[Work to complete] Look below for the line with "Anker Store 横浜ジョイナス、横浜駅にオープン!神奈川県内初の常設直営店"; begin the copy there and stop after the line with "Księgarnia Świat Książki otwarta!", keeping the text exact and the pictures out.
──────── Exercise material
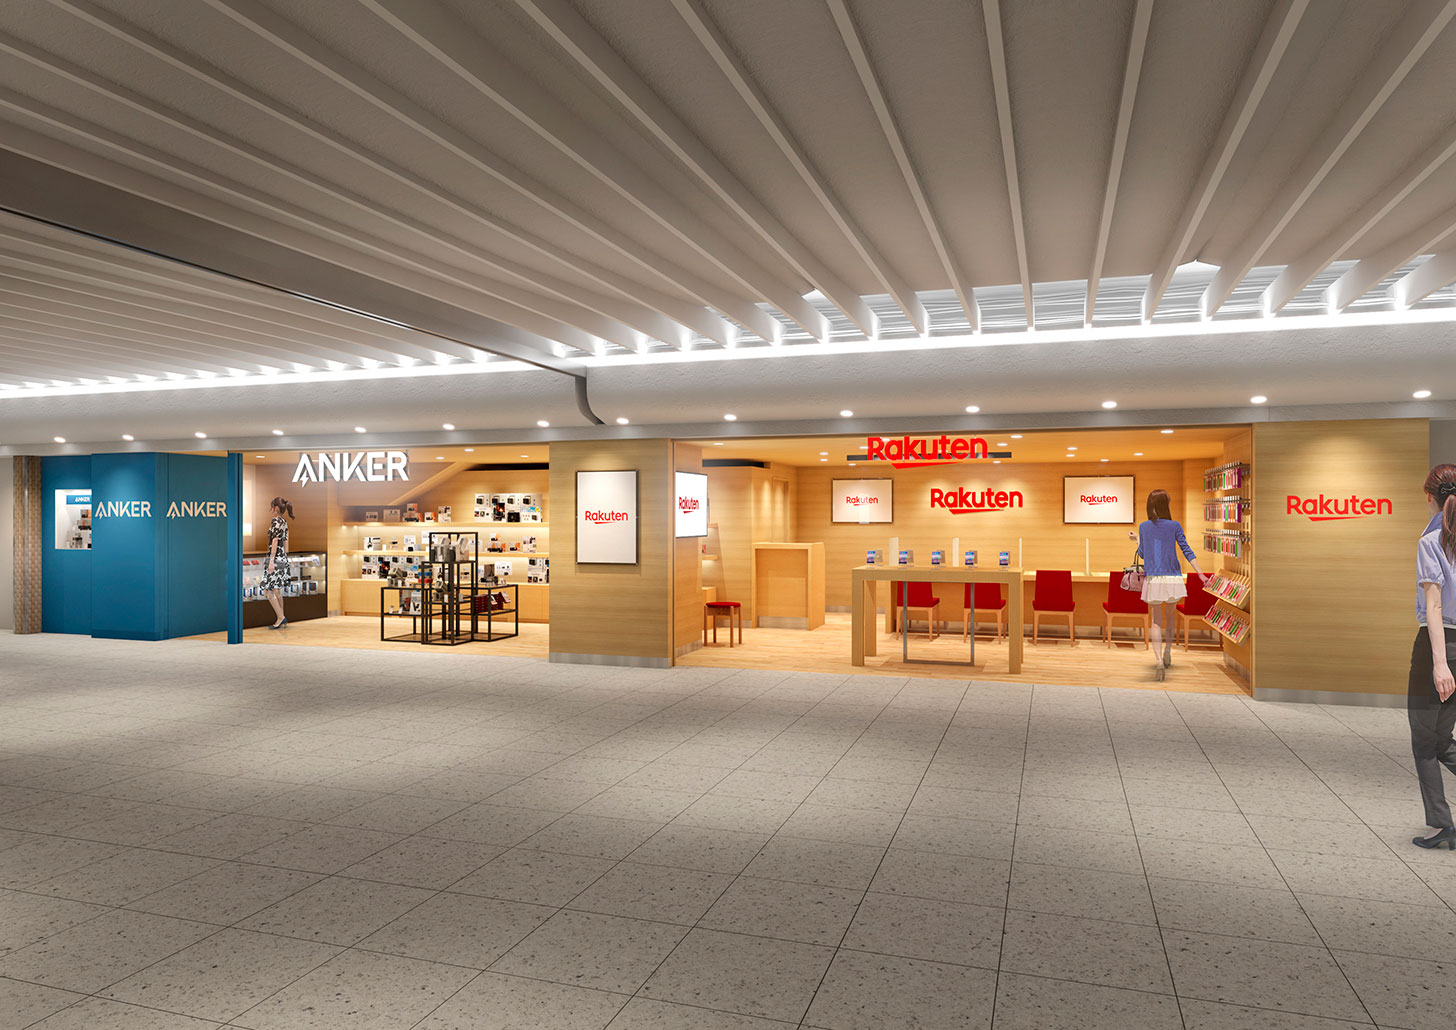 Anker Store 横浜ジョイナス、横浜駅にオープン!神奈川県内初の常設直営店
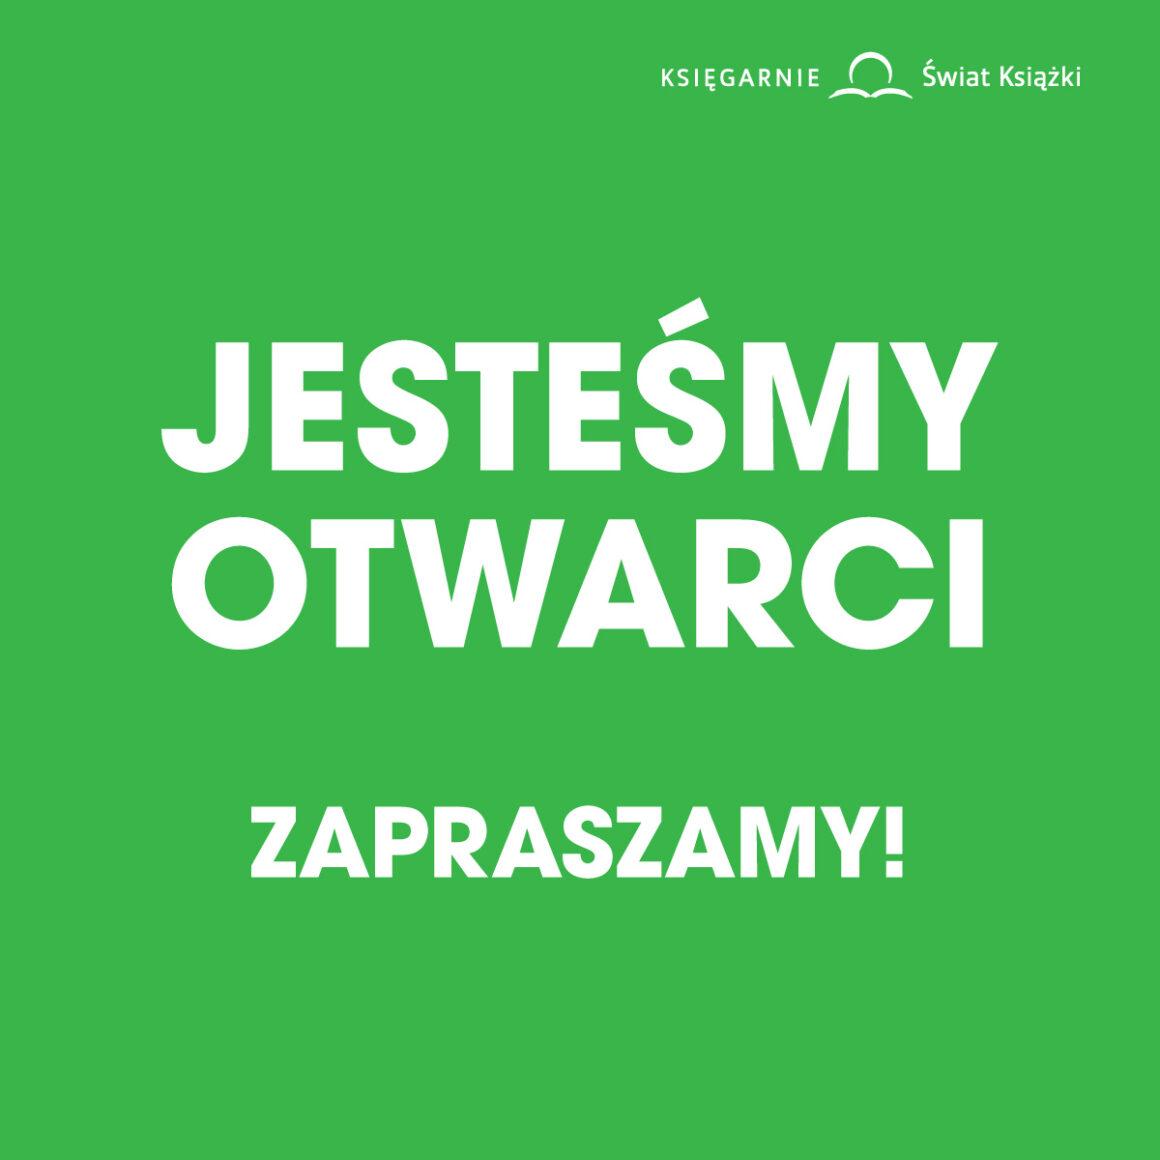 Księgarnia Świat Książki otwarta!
────────────────
──────── Exercise material
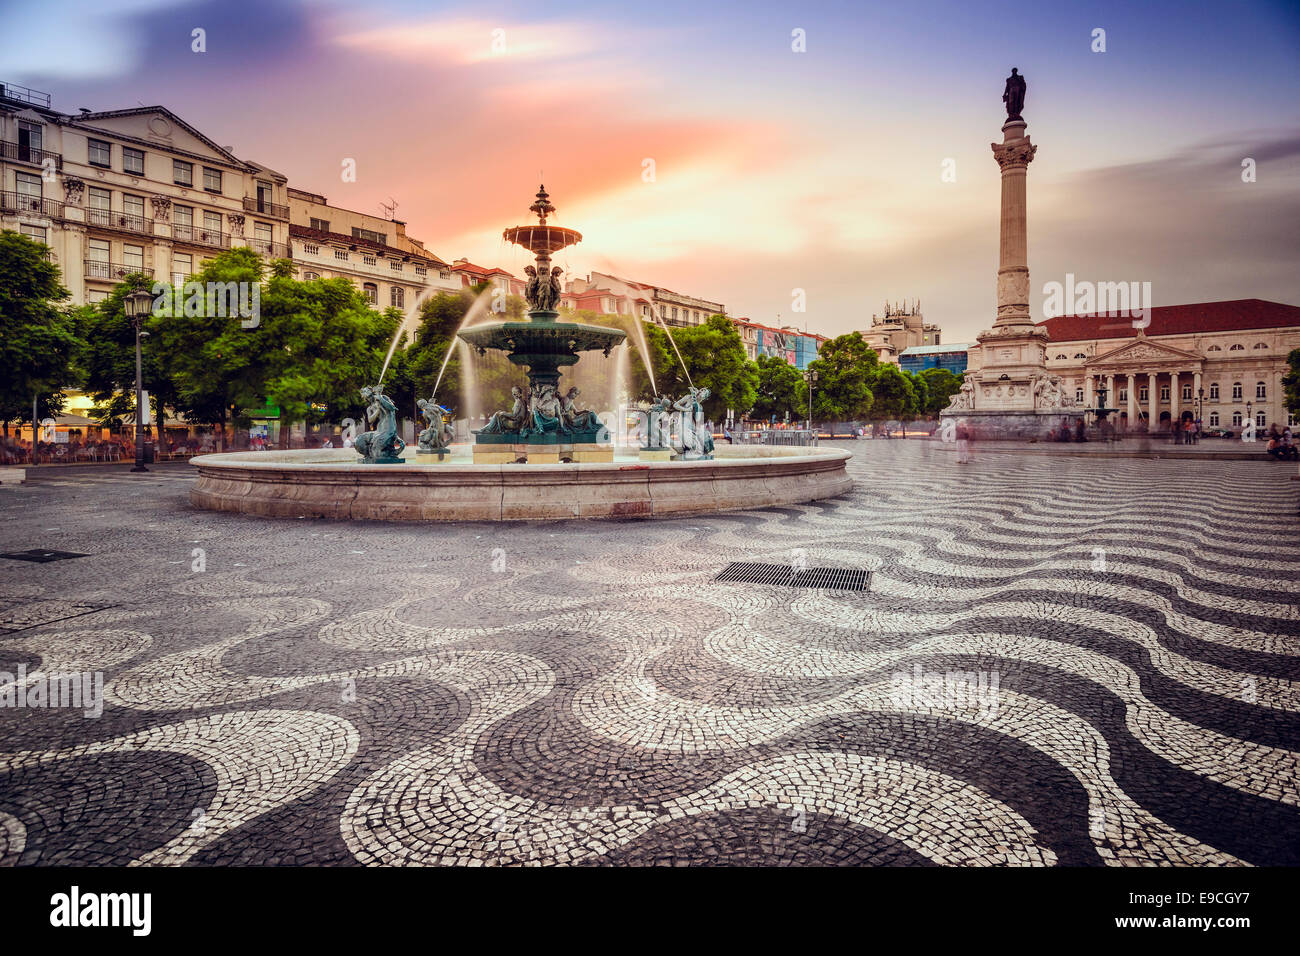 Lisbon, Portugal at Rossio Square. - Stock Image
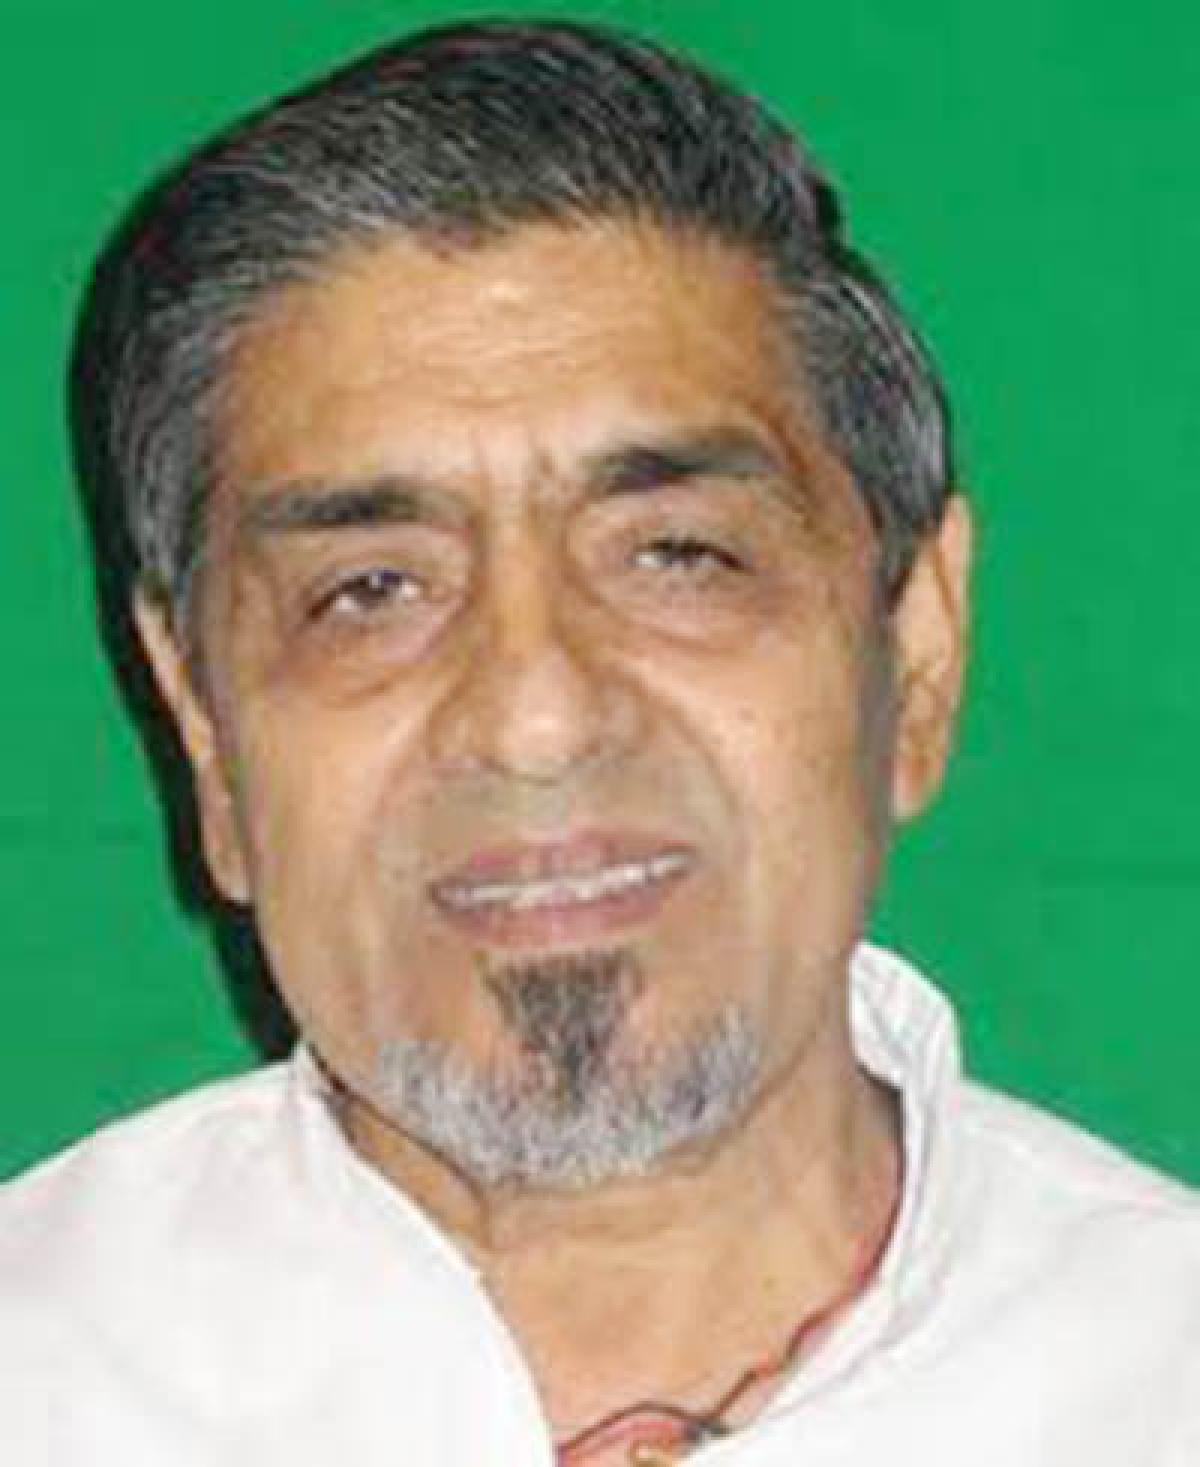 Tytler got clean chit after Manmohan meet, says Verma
────────────────
[Result of the exercise]
 Anker Store 横浜ジョイナス、横浜駅にオープン!神奈川県内初の常設直営店
 Księgarnia Świat Książki otwarta!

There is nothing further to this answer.